Por José Manuel Cuadro

La nacionalidad chilena ha sido formada por un Estado que ha antecedido a ella”. La cita es más que conocida; corresponde al “Ensayo histórico” de Mario Góngora. Dicha tesis ha traído varias interpretaciones y análisis desde su publicación en 1981. Un primer esbozo lleva a entender que se refiere al Estado en cuanto aparato burocrático, al fisco, al estatismo. Sin embargo, el mismo Góngora se esmeró en desarrollar la idea de Estado como una unidad espiritual y una fisionomía de existencia histórica, que en el fondo refiere al Estado como la tradición institucional que moldea la unidad nacional y, por consiguiente, los consensos sociales.

Un Estado fuerte, que sirva como unidad espiritual de la nación, conlleva inexorablemente el fortalecimiento del tejido asociativo. En suma, el Estado para hacer su “pega” necesita del empuje de su tiempo: de la respuesta que los hombres de su época le dan a las necesidades de su contexto; y las Constituciones de cada época son ejemplo de ello, sobre todo, los regímenes políticos que cada una configuró. En 1833 el texto organizó administraciones fuertes, y mientras los vecinos países se debatían entre caudillos y motines, en Chile se permitía el surgimiento de tres partidos políticos anclas de la tradición chilena: Liberal (1849); Conservador (1857) y Radical (1863). En línea con lo anterior, la Constitución de 1925 se esforzó por reforzar al Ejecutivo, frenando las mañosas interpretaciones de la élite parlamentaria y respondió con altura a los nuevos actores de la época: la burguesía y la mesocracia. Así, por consecuencia, permitió ciclos políticos de alianzas partidistas que fortalecieron el aparato estatal, ampliaron su alcance y demostraron la fuerte asociatividad presente en el ethos de la nación.

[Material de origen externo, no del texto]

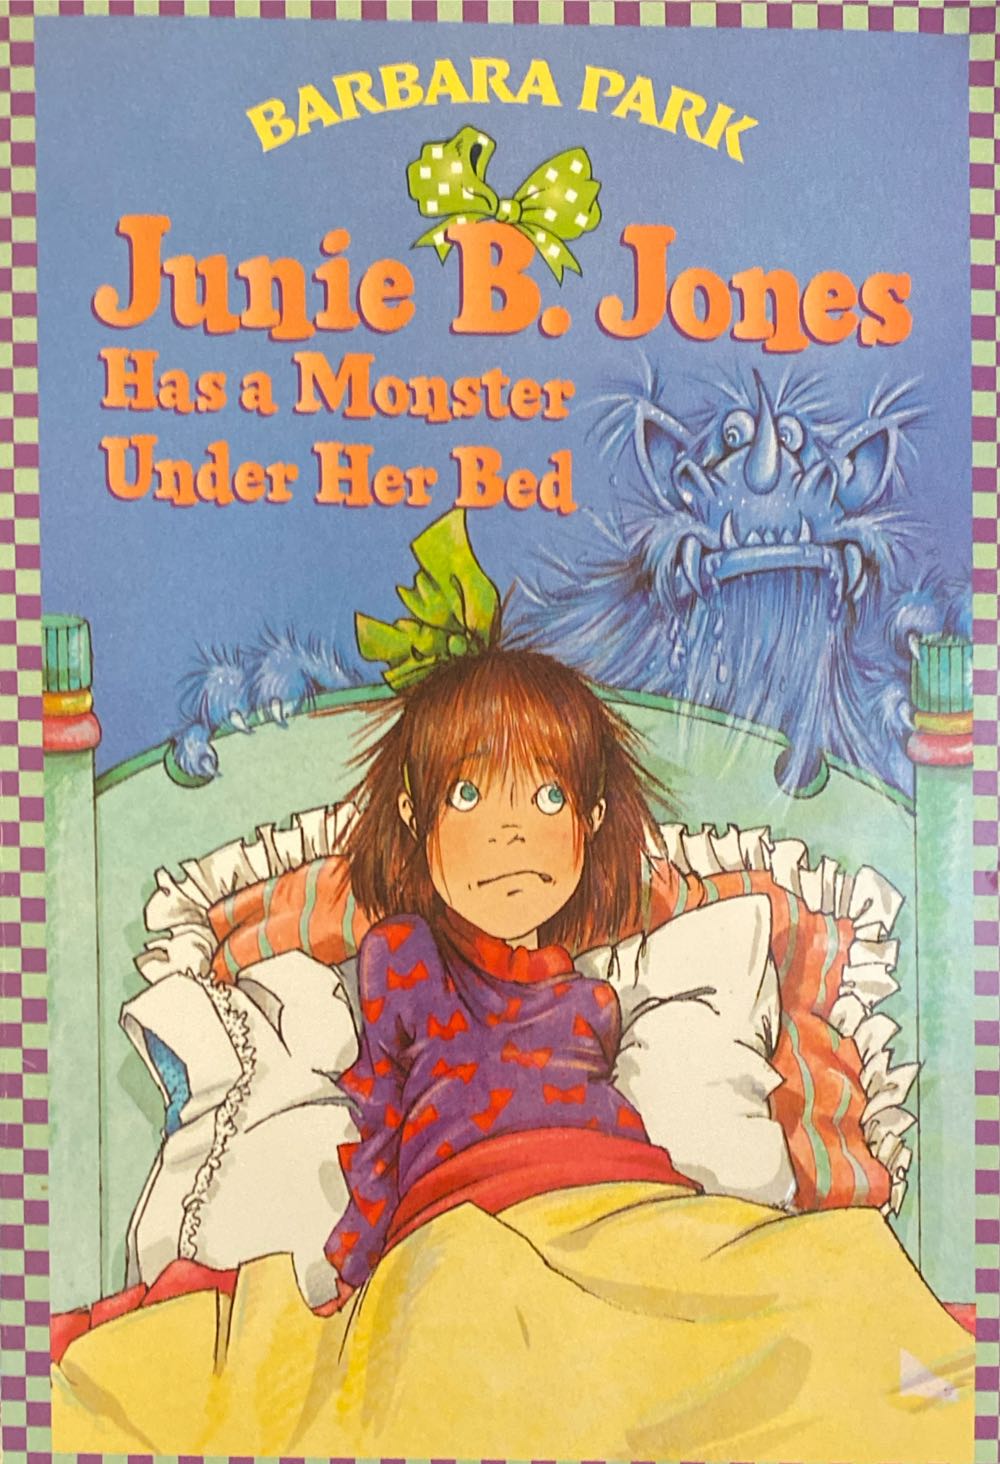 Junie B. Jones #8: Junie B. Jones Has a Monster Under Her Bed - Barbara Park (Random House Children’s Books - Paperback) book collectible [Barcode 9780679866978] - Main Image 3

Así, llegamos a 1980 con una Constitución que si bien elevó la libertad económica como base de la política, potenció el presidencialismo y permitió la asociatividad de las tradiciones políticas y partidarias presentes en Chile, acompañando su acción política con distintos instrumentos que fomentaban los acuerdos supra mayoritarios. Dichos partidos, nuevamente -lejanos al caudillismo y profundamente institucionales-, desenvolvieron un papel esencial en la modernización capitalista de las últimas décadas. Pero eso, fruto de su propio éxito, se estancó. Desde las últimas dos legislaturas la tradición partidista chilena se ha desdibujado, cayendo en personalismos, maquinarias electorales, aparatos transaccionales, desprovistas de mayor sentido y horizonte.

Si bien, en las últimas horas se ha hablado hasta el hartazgo de que la “cuestión constitucional” está cerrada, el Estado y su fisionomía no pueden seguir eludiendo a la pregunta por el régimen político que nuestro Chile actual demanda a gritos, es inviable cualquier cambio del tipo social o enriquecer el tejido nacional sin un régimen político fuerte, centralizador y en comunión con la tradición institucional del país. De esta manera, su norte debe conducir, inexorablemente, a eliminar micro partidos que solo sirven como cajas pagadoras y tribunas para avivar fuegos internos de “líderes” con tintes de caudillos, y -lamentablemente-, de esos hay en izquierdas y derechas. Para seguir enriqueciendo la tradición nacional chilena no necesitamos otra Convención o Consejo, sino volver a los partidos fuertes, cohesionados, anclados en la nación y en la fisonomía espiritual de Chile. Proponerlo no es utópico, es historia.